No-poach agreements are regular fixtures for many franchisees, but employees are usually unaware of the provisions, which can prevent them from seeking new, higher-paying work. Because these agreements prevent franchisees from hiring workers out from under other franchisees, employers are ultimately disadvantaged when seeking new hires, experts have said.
While Healey and others work to curb the practice at the state level, the U.S. Department of Justice (DOJ) enforces compliance broadly. The agency released guidance on the issue for human resource professionals in October 2016. About a year and a half later, it oversaw its first no-poach settlement agreement — in which it opted not to pursue criminal charges against employers involved.
Legal fallout from no-poach agreements impacts employers across industries, from fast food franchisees to automotive employers to employers in knowledge sectors. Non-franchisee employers should also be aware that ‘naked' no-poach agreements — struck between employers who do not otherwise have a legitimate business partnership — are on the DOJ's radar.
"Naked no-poach and wage-fixing agreements are per se unlawful because they eliminate competition in the same irredeemable way as agreements to fix product prices or allocate customers," the DOJ said.

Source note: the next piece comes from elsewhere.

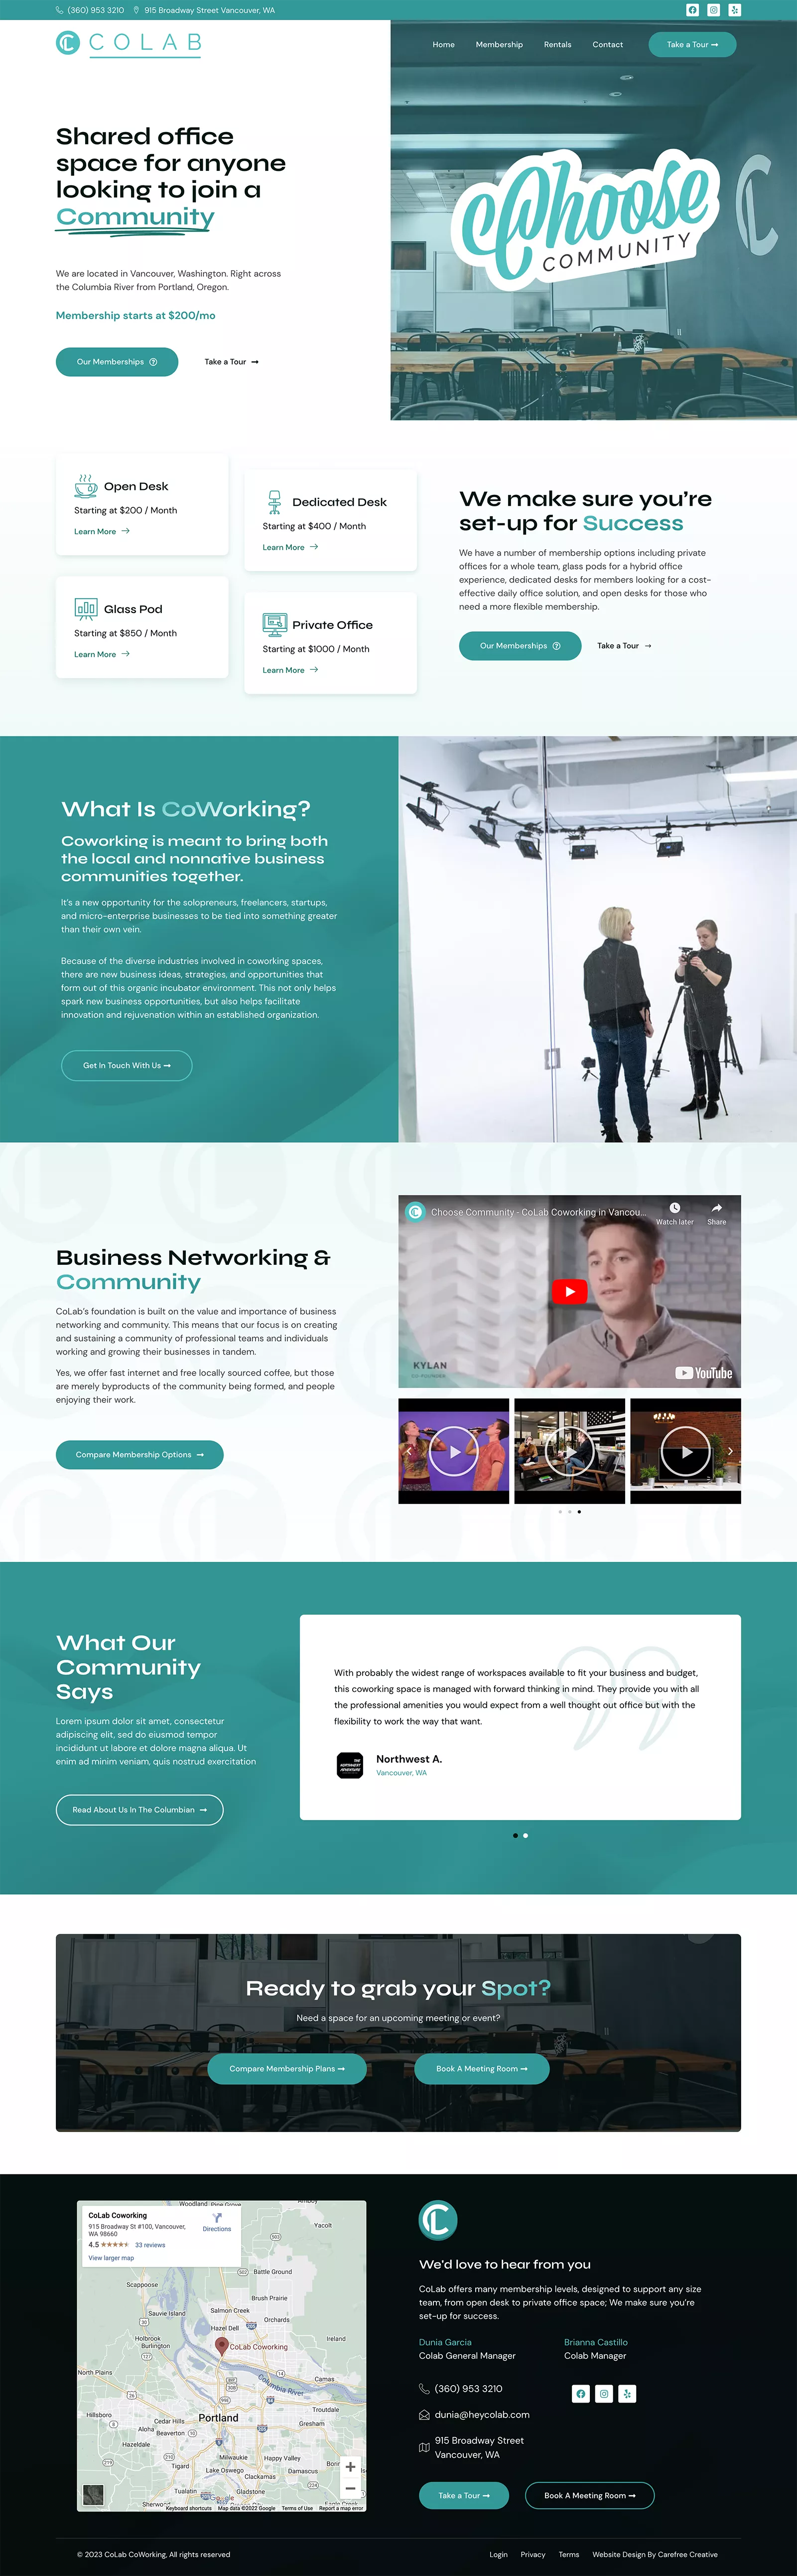 CoLab CoWorking Website Full

To avoid class action suits or scrutiny from antitrust enforcement agencies, employers must proactively purge themselves of no-poach practices. Workers need to be able to freely offer their labor on the competitive market, and employers seeking new talent (especially in the restaurant industry) will ultimately benefit from that ecosystem.
"Our economy thrives when everyone is doing well," said California Attorney General Xavier Becerra in his own announcement. "No-poach agreements attempt to prevent competition and limit economic opportunity for hard-working Californians. The agreements announced today are an important step forward to protect our workers and our economy."